Finally happened-Hard drive failed

crazypj

Split personality, I fake being smart
Finally had a hard drive fail without warning, first time ever.
Western Digital 'Caviar' 160gb e-ide (yep it's an oldie)
I had it sitting in packaging for about 4 yrs, only fitted it in computer about a year ago to run OS
I have a backup but it's a few months old, need to do it more regular
Ho hum, such is life.
I'll get a new 500Gig and backup laptop as well as it gets a lot more use than the desktop
 
Not a big deal, though, 'cause you have everything backed up. Right?

RIGHT? :)
 
Course not, no one runs regular backups until this happens :(
BTW, have a starter plug done for you
 
Re: Re: Finally happened-Hard drive failed

crazypj said:
Course not, no one runs regular backups until this happens :(
BTW, have a starter plug done for you

Let me know where to send money :)
 
Hey Rich, PJ just got done massaging a set of 450k carbs for me. I will let you know how they turn out so you can send him yours.
 
Re: Re: Finally happened-Hard drive failed

lingo said:
Hey Rich, PJ just got done massaging a set of 450k carbs for me. I will let you know how they turn out so you can send him yours.

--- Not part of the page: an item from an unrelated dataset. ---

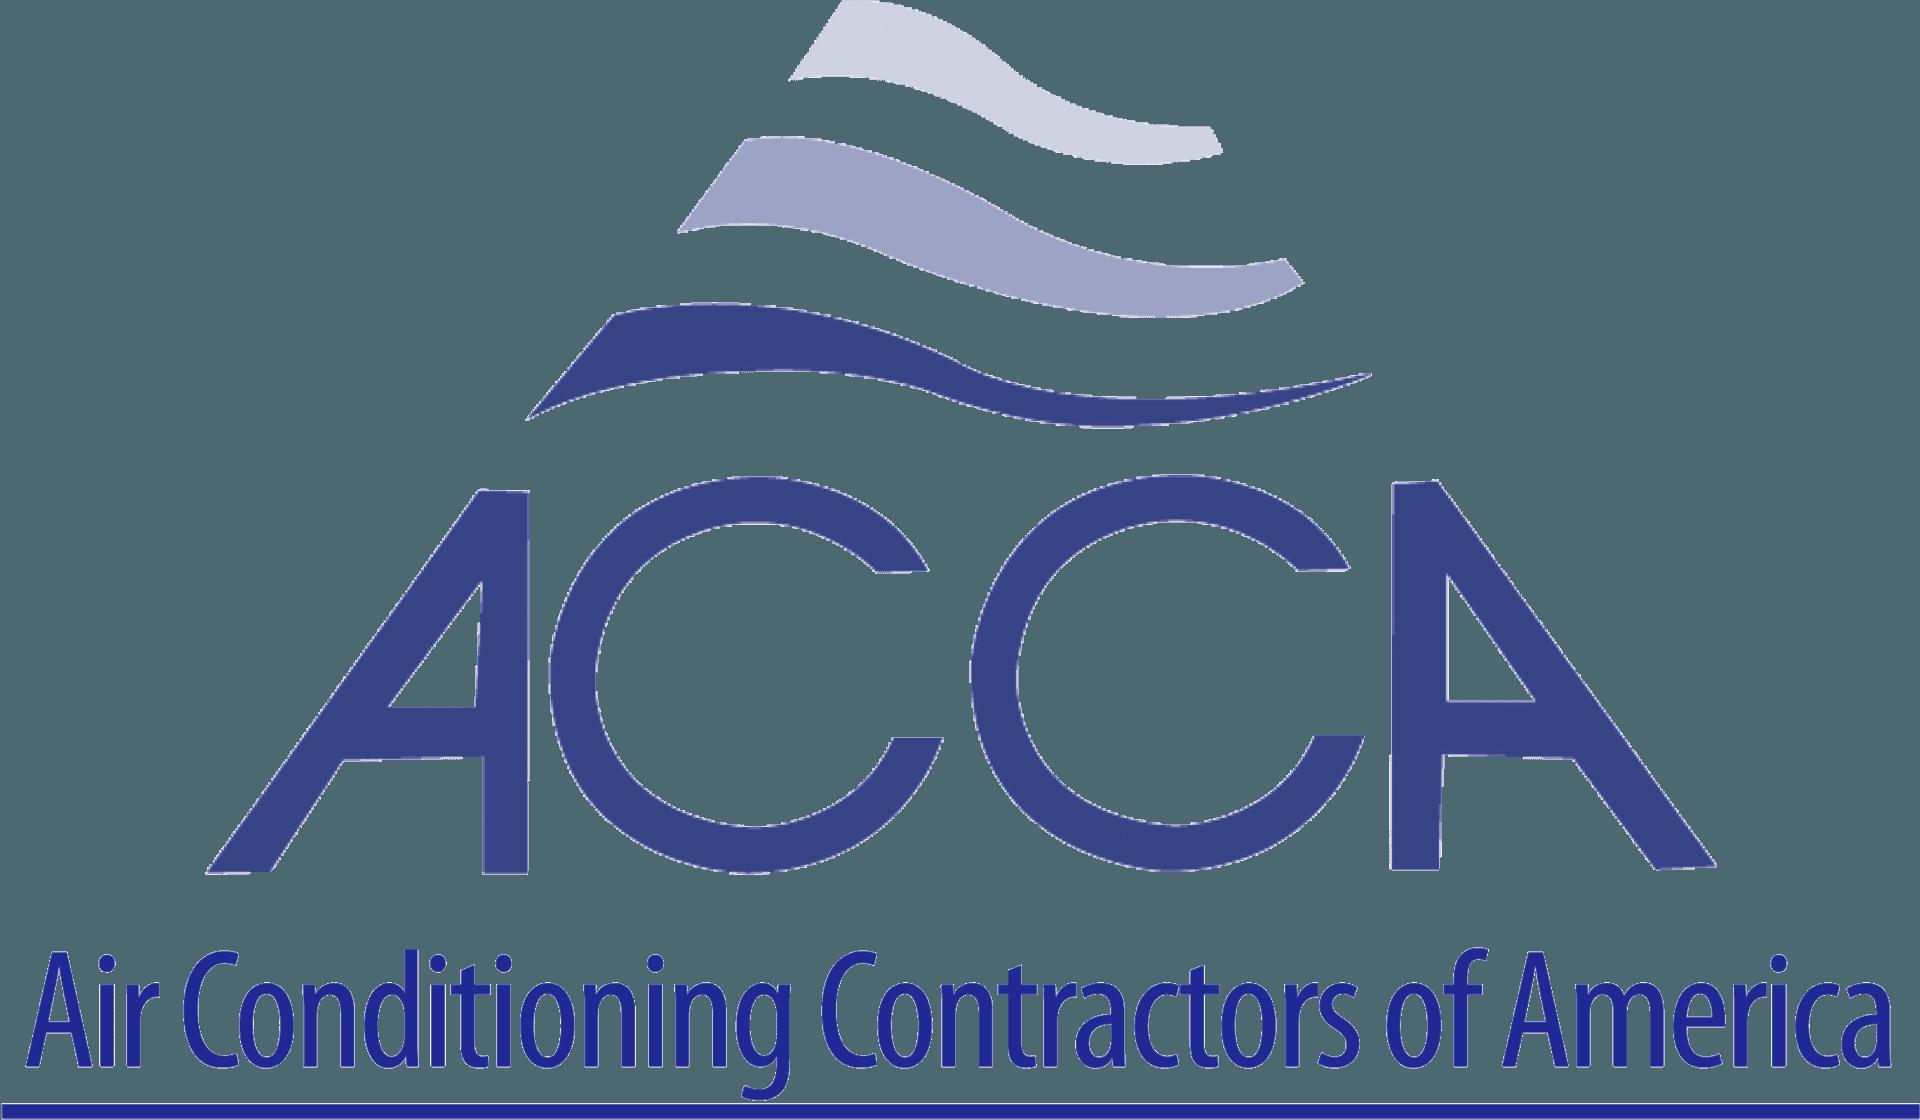 36 HVAC Company Slogan Ideas
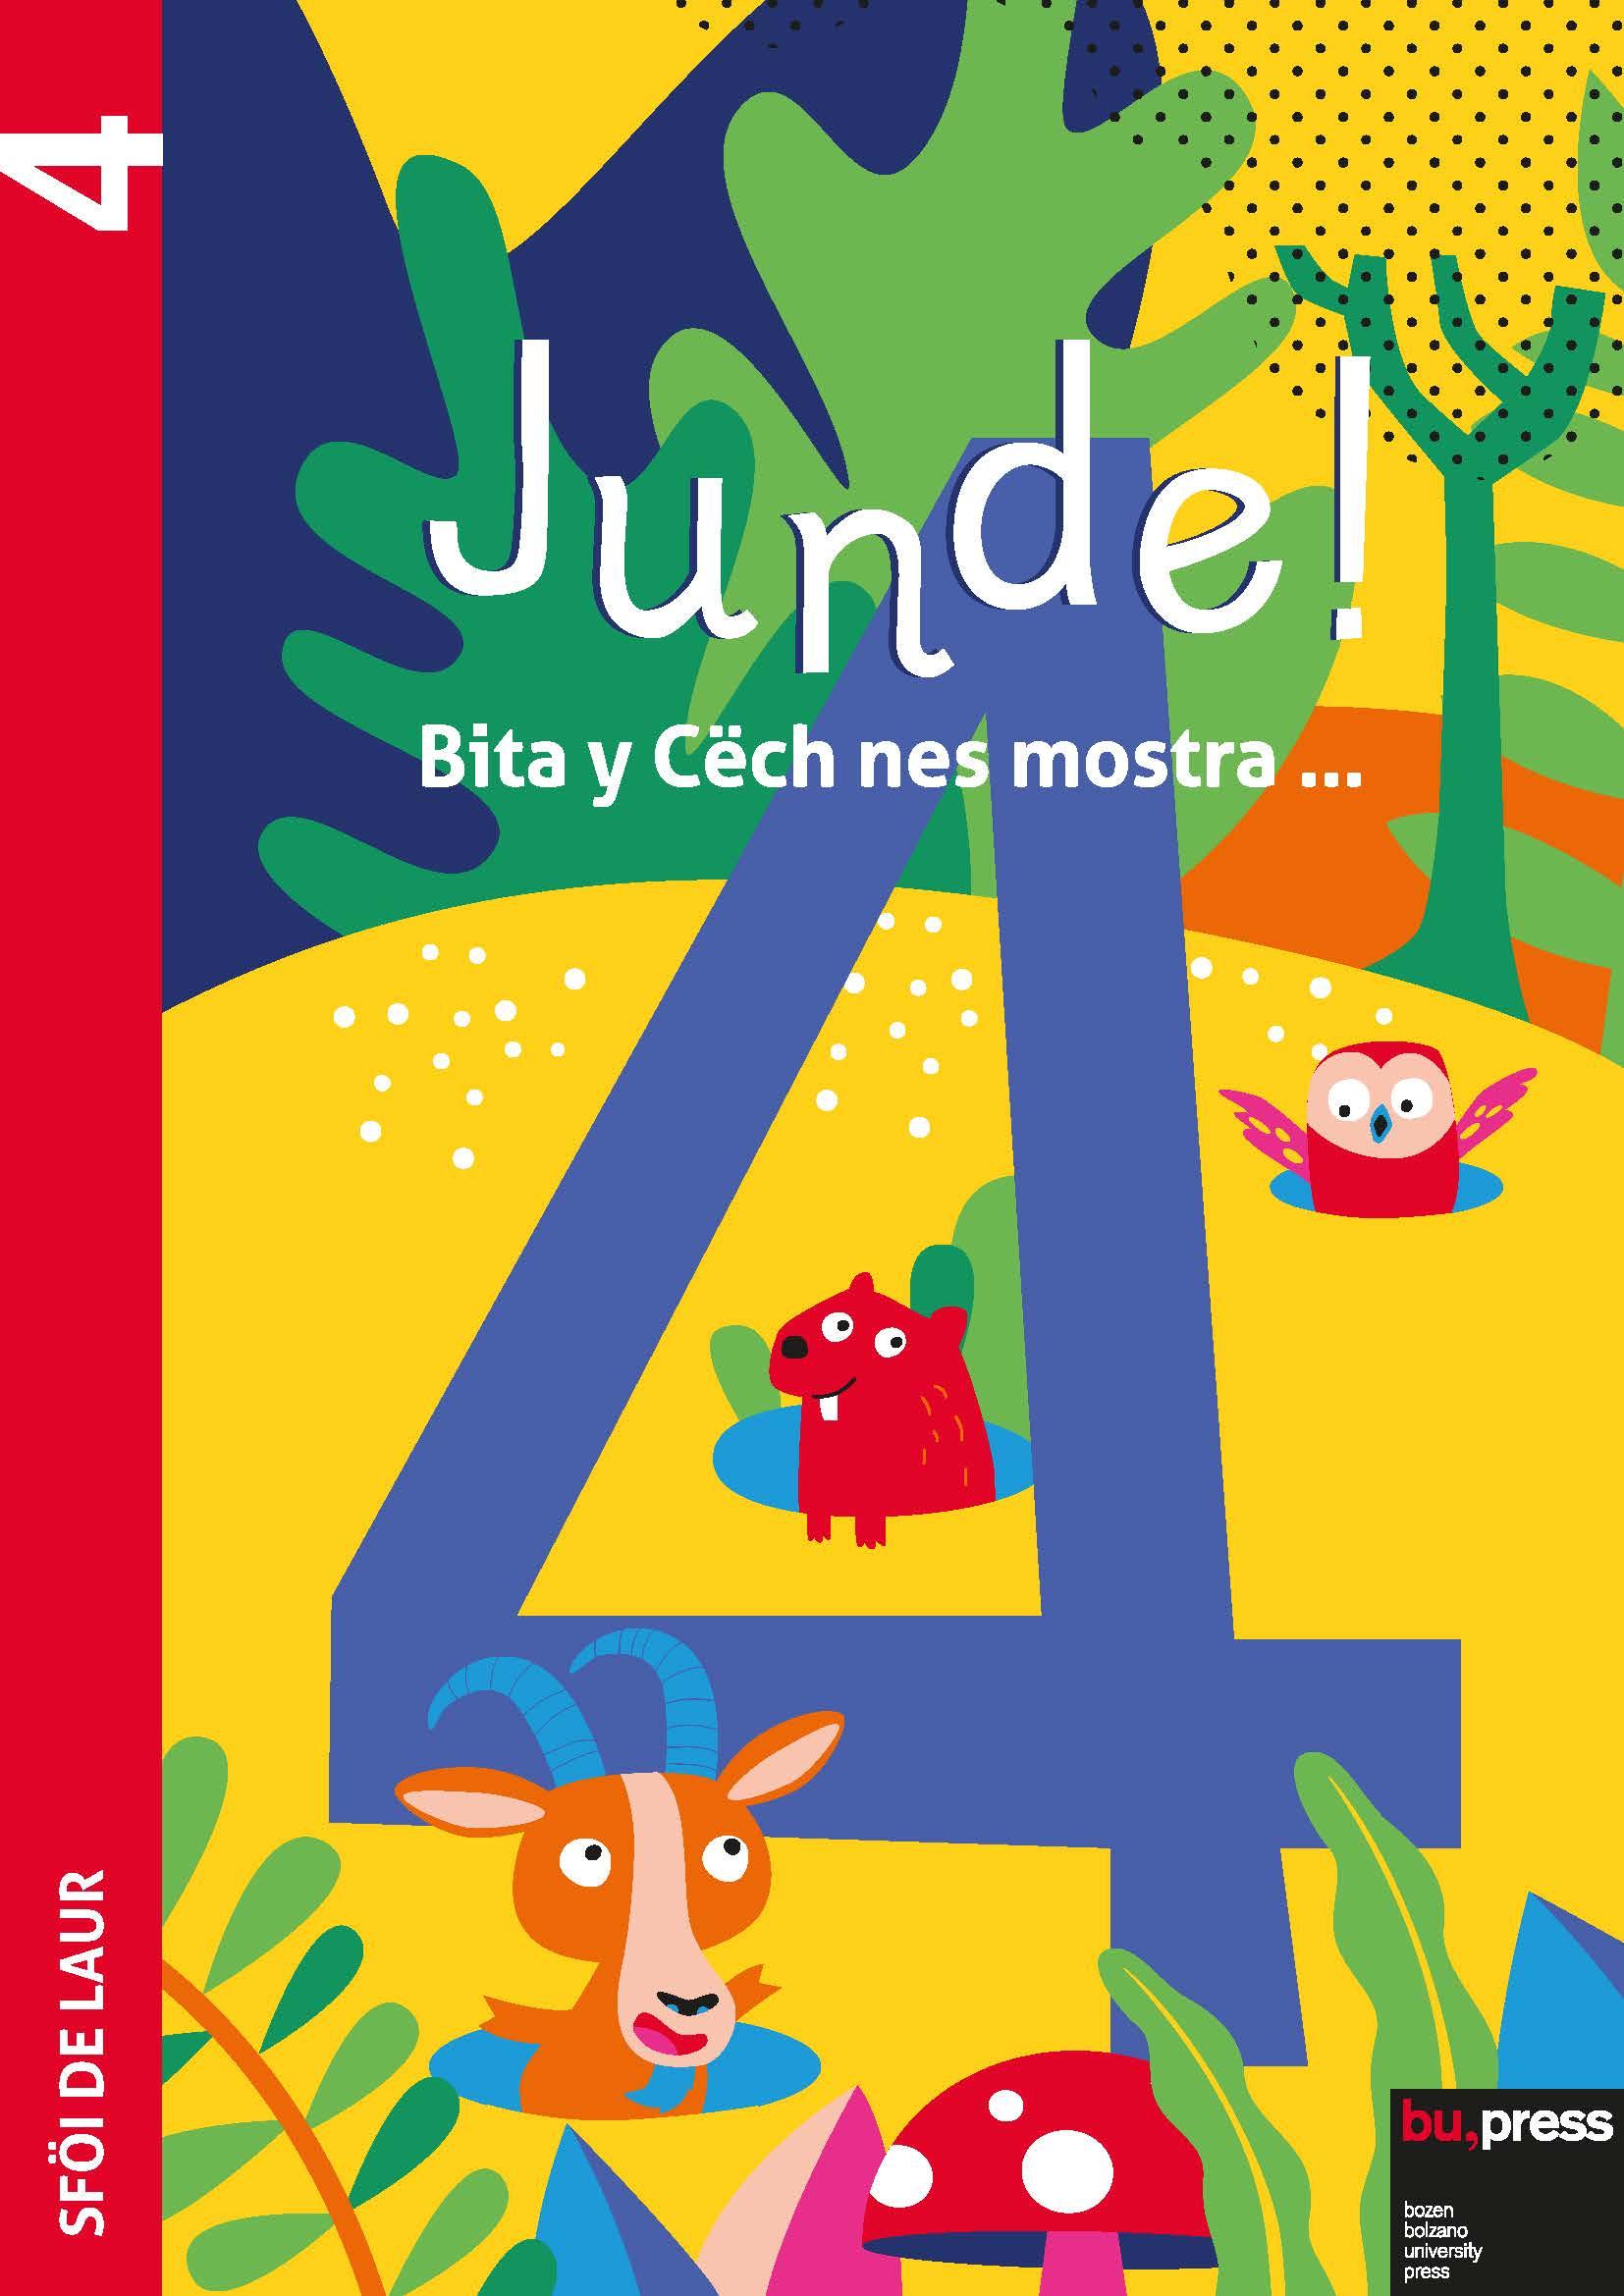 Cover of Junde! 4 – Sföi de laur

Stop tugging on my wallet you scoundrels
 
Synology DS212 in my basement with 2 x 1.5TB drives mirrored. Best thing in the world. Gigabit ethernet, runs Linux, has its own torrent client etc.
 
given the type of work I do (commercial photography and cinematography) i have a constantly redundant series of RAID drives. Internal and external. When I leave the office, the external comes with me. I'm sure i'm paranoid, but hey, paranoia may eventually save my ass.

I hope you didn't loose anything you can't find.

It may be worth it to look into a service that can cover your butt between backups. There are a number of cloud-based backup systems that are cheap, or offer a free version if your data growth is small enough.
 
Hey PJ, what is the drive doing? Sometimes if it is clicking you can get a few more minutes of life by putting it in the freezer. You would then hook one of these things up through the freezer door to a working computer and go crazy and copy your data off of it.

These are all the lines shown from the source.